Required work ::
From the material below, set down exactly the lines that run from the one containing "No Sleep Till" to the one containing "Fantastical Cat-Fish Hybrid", minus the pictures.

Input data ::
+-------+

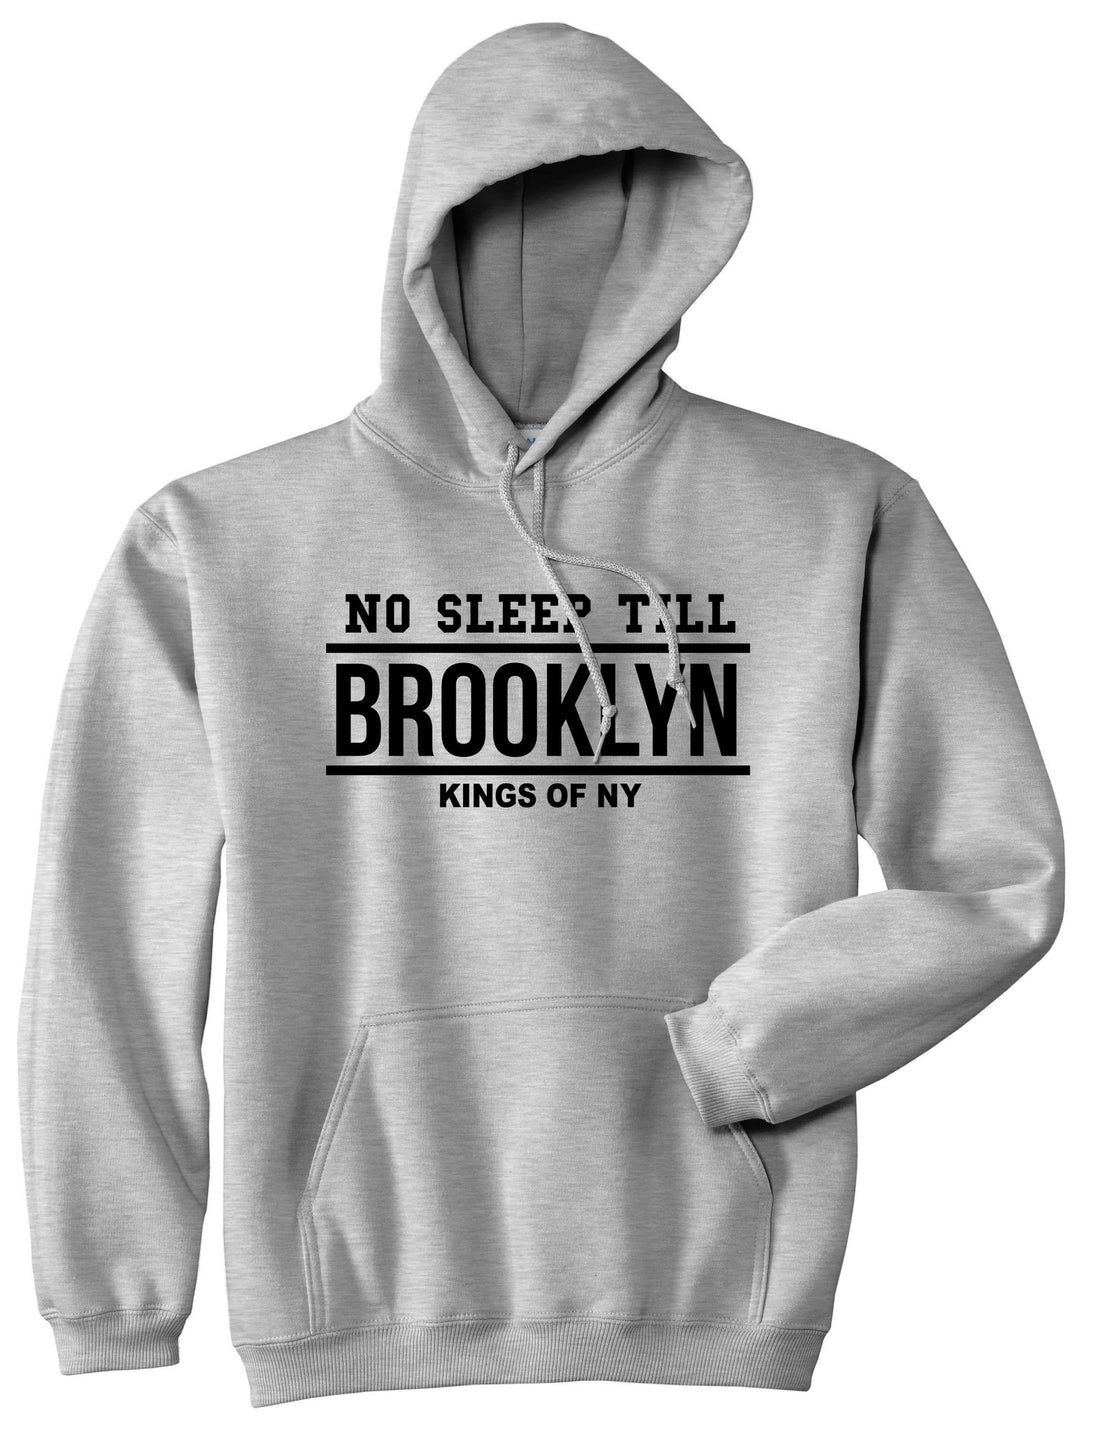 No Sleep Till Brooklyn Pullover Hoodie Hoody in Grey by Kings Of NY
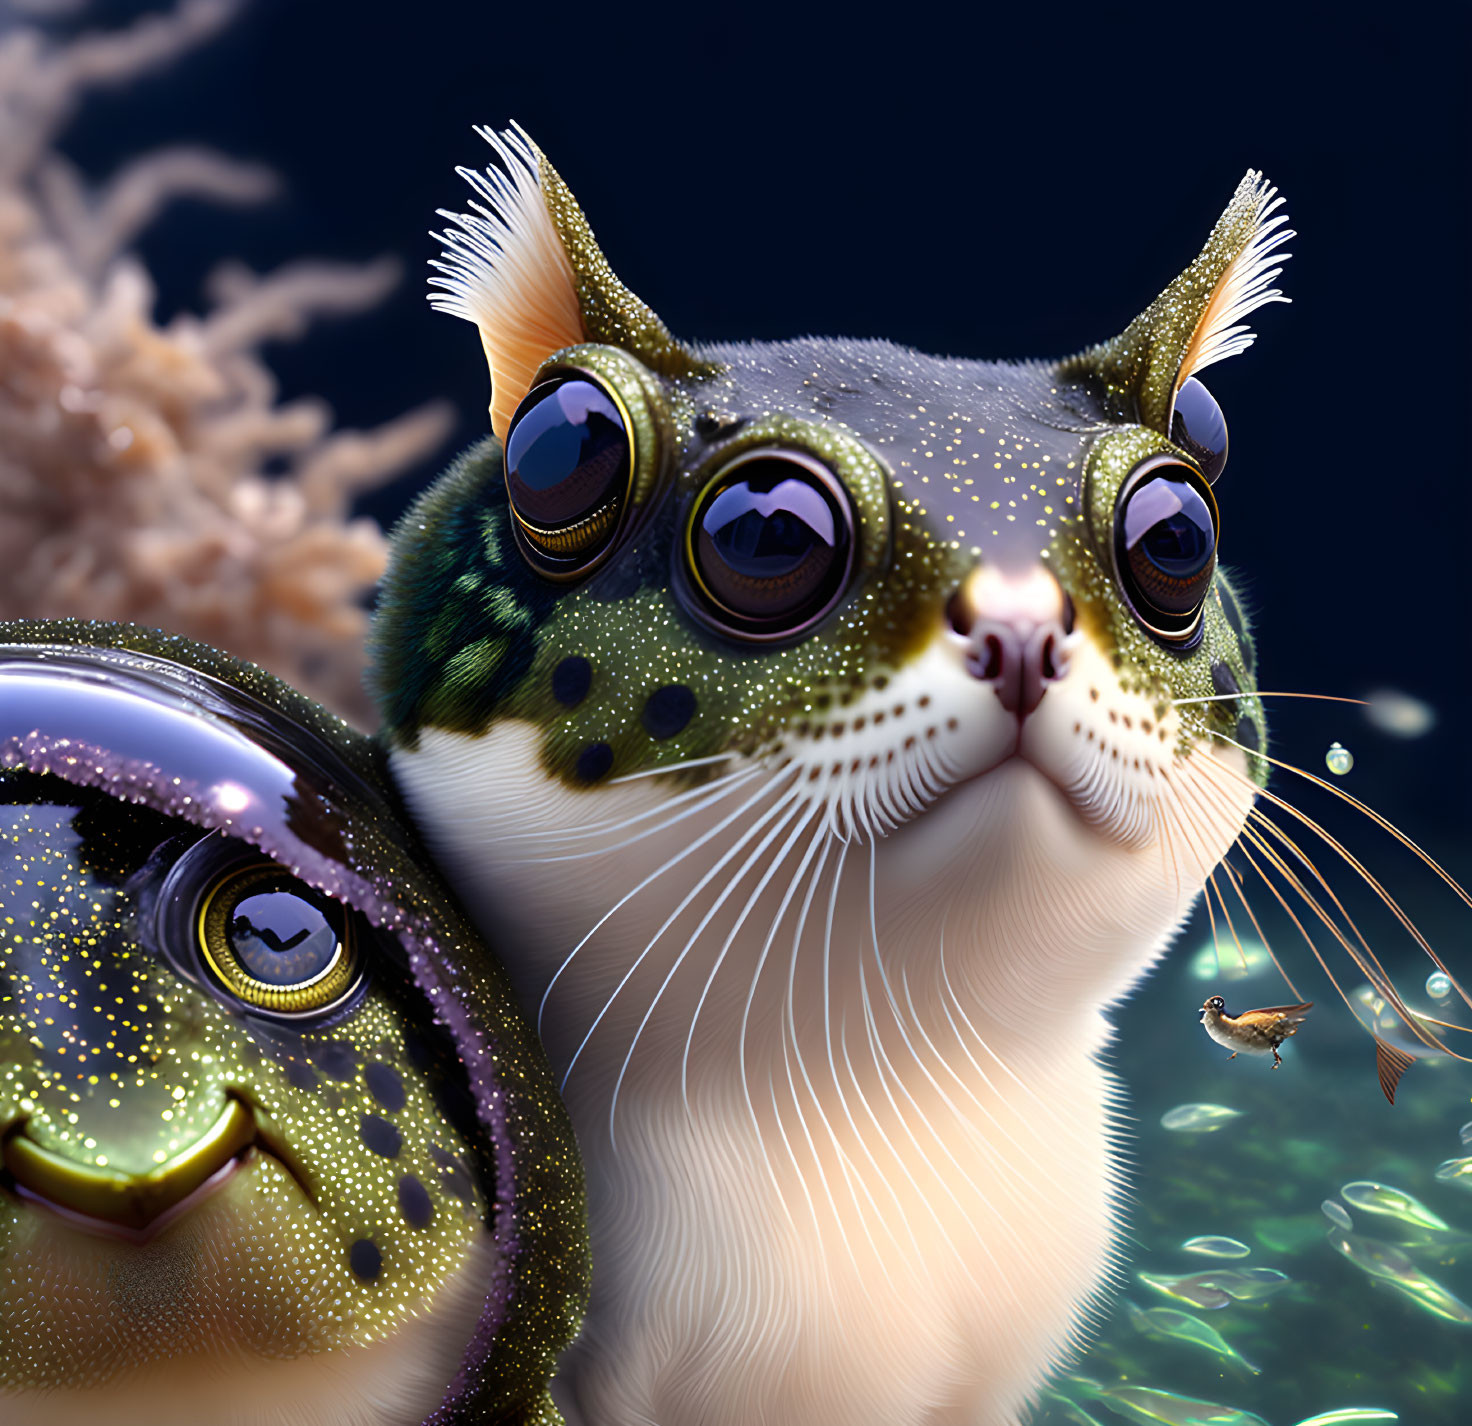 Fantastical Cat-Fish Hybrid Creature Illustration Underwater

+-------+

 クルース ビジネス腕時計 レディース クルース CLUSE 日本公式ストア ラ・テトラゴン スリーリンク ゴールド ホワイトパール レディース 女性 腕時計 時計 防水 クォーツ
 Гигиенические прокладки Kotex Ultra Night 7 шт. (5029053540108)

+-------+

Solution ::
 No Sleep Till Brooklyn Pullover Hoodie Hoody in Grey by Kings Of NY
 Fantastical Cat-Fish Hybrid Creature Illustration Underwater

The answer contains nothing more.